Big Head Todd celebrates Robert Johnson at the century mark

Mike Cote //February 9, 2011//


BIG HEAD BLUES CLUB 100 Years of Robert Johnson (Ryko/Big Records)

If Robert Johnson had been around for his 80th birthday, he could have basked in the success of The Complete Recordings of Robert Johnson, the double-disc box set collecting nearly every master version and alternate take he recorded during those now-celebrated 1937 and 1937 sessions.

By 1990, when the Grammy-winning, platinum-selling collection was released, Johnson had fallen into obscurity once again. Now here he was again, those crudely recorded solo voice and guitar performances dusted off for the CD age – and the kind of adulation rivaling Jimi Hendrix.

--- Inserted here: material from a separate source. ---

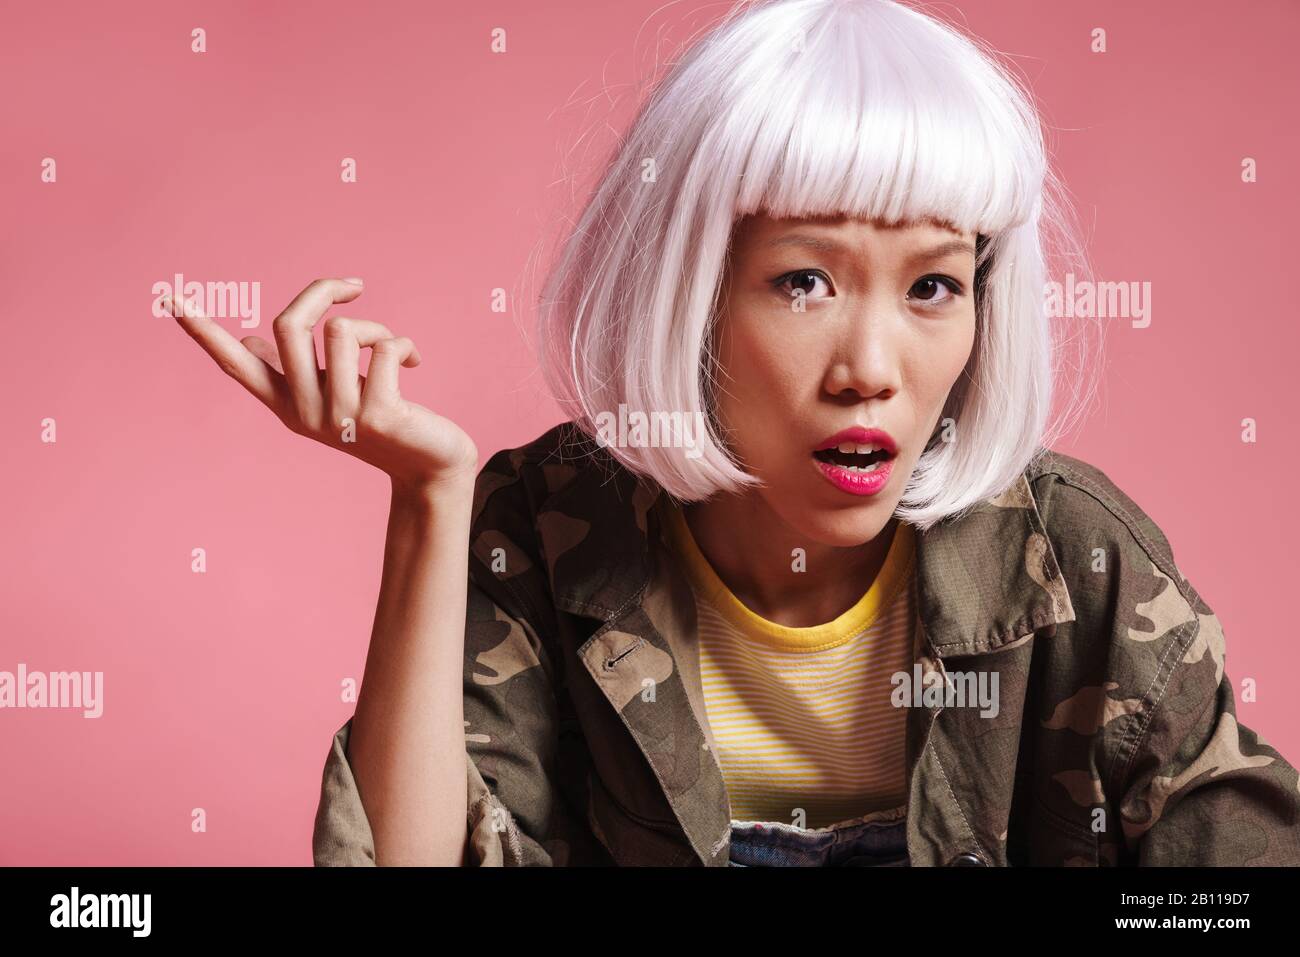 Bild eines empörten asiatischen Mädchens, das weiße Perücke trägt, die in der Empörung über rosafarbenem Hintergrund verärgt und gestikuliert wurde Stockfoto

Two decades later, musicians are still celebrating Johnson and finding new ways to express his songs. Witness Eric Clapton’s 2004 release Me and Mr. Johnson and this new release by Big Head Todd and the Monsters.

To celebrate Johnson’s 100th birthday, the Colorado rock band (who headline a show at Red Rocks this summer on June 11) revisited 10 of the early bluesman’s songs. And whether intended or not, the song list overlaps but does not duplicate Clapton’s tribute; unique to this set are performances of “Rambin’ on My Mind,” “Cross Road Blues,” “Preachin’ Blues” and “Sweet Home Chicago.”
The moniker “Big Head Blues Club” alludes to the expanded lineup. Guitarist and vocalist Todd Park Mohr, bassist Rob Squires, drummer Brian Nevin and keyboardist Jeremy Lawton enlisted blues icons B.B. King, Hubert Sumlin, Honeyboy Edwards and Charlie Musselwhite and younger upstarts Ruthie Foster, Cedric Burnside and Lightnin’ Malcolm.

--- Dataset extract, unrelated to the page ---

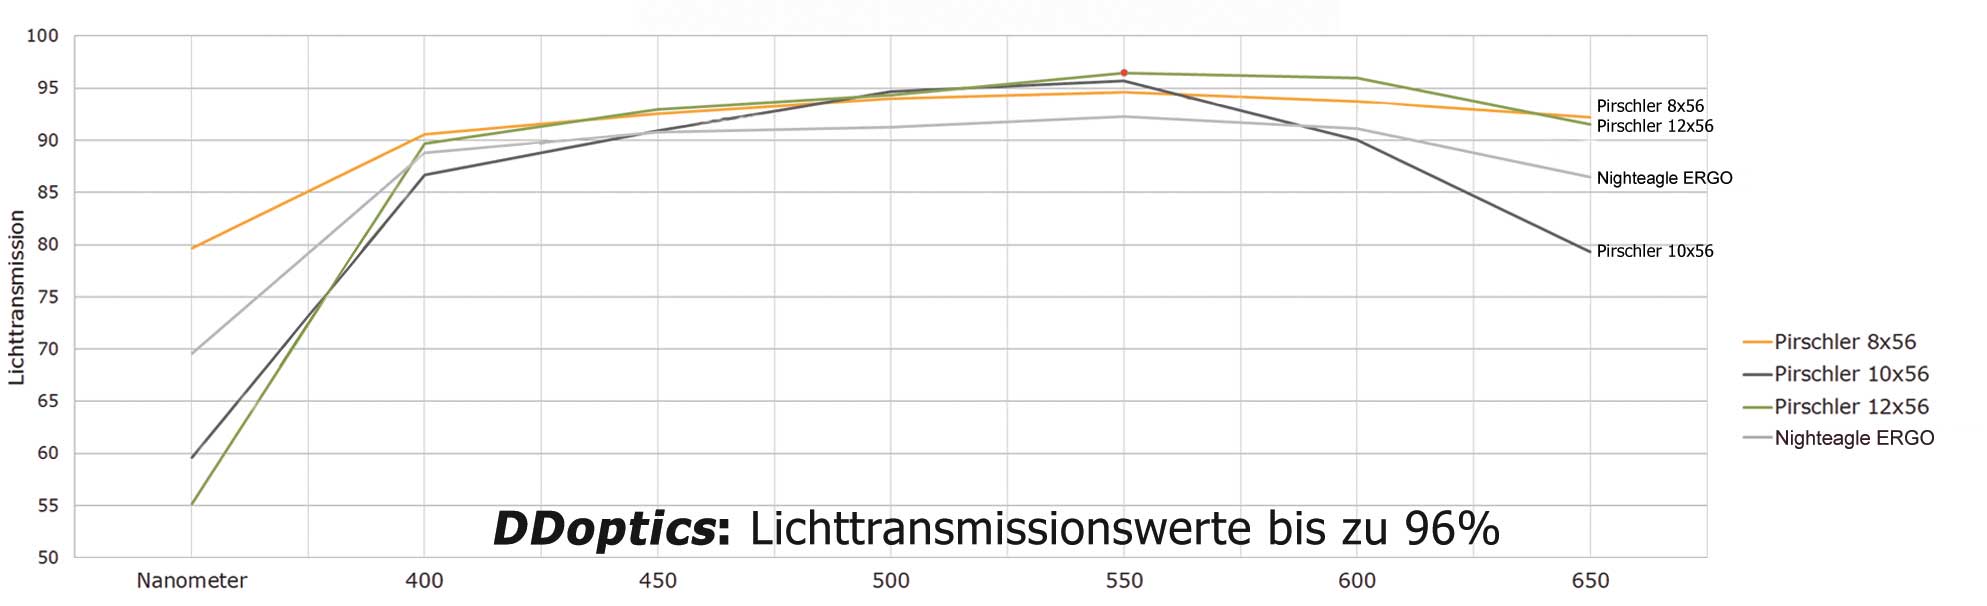 media/image/DDoptics-LP-Pirschler-Fernglas-Lichttransmissionskurve.jpg

Mohr performs “All My Love in Vain” solo, just how Johnson recorded it — voice and acoustic guitar. From their the collective takes more liberties: the funky organ grooves on “Come On In My Kitchen,” (featuring Musselwhite); the John Lee Hooker-vibe of “When You Gotta Good Friend” (featuring Foster and Sumlin); and the uptown version of “Cross Road Blues,” which bears more than a passing resemblance to “The Thrill is Gone” (featuring, of course, B.B. King.)

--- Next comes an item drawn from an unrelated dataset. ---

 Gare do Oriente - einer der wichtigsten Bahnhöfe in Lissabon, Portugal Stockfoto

Although the Monsters do an exemplary job – the blues has always been at the heart of their sound – you have to give them special credit for tapping elder statesmen like 95-year-old Honey Boy Edwards to join the party. Edwards moans and wails with the band on “If I Had Possession Over Judgment Day” and closes the disc on a rough-edged duet with Charlie Musselwhite.


THE JAYHAWKS – Tomorrow the Green Grass: Legacy Edition and Hollywood Town Hall (American/Legacy)

That Tomorrow the Green Grass is getting the double-disc “deluxe” reissue treatment is more a testament to its beloved status in music circles than its sales record over the years.
By 1995, Jayhawks founders and principal songwriters Gary Louris and Mark Olson had already been toiling for several years perfecting their harmony-rich country rock when they crafted the album that should have been the Minnesota band’s commercial breakthrough. The critical kudos alone were not enough for Olson, who left the band when it became clear the Jayhawks weren’t about to graduate to headline status anytime soon.

Why the bittersweet ballad “Blue” — the pinnacle of the Louris/Olson songwriting and vocal harmony blend — never caught on with radio remains a mystery. The album was brimming with gems: the gently rocking “Miss Williams’ Guitar” (Olson’s tribute to his girlfriend and future wife, singer-songwriter Victoria Williams ); the clever reinvention of the Grand Funk ’70s hit “Bad Time.”
The original 13-song album is boosted by five unreleased outtakes and B-sides on disc one. The second disc features 18 previously released demos, composed mainly of songs the duo had been developing at the time, a hint at greatness that would go unrealized but worthy of unearthing in their own right.

More than 15 years later, Olson and Louris are performing again and working on a new Jayhawks album after releasing Ready for the Flood as a duo in 2009. For now Jayhawks fans can rediscover the peak of their partnership.

Also reissued and expanded: Hollywood Town Hall, the band’s 1993 major label debut, a disc nearly as strong as Grass, featuring the near-hit “Waiting for the Sun” (featuring Heartbreakers keyboardist Benmont Tench); the honky-tonk inspired “Two Angels” and five bonus tracks.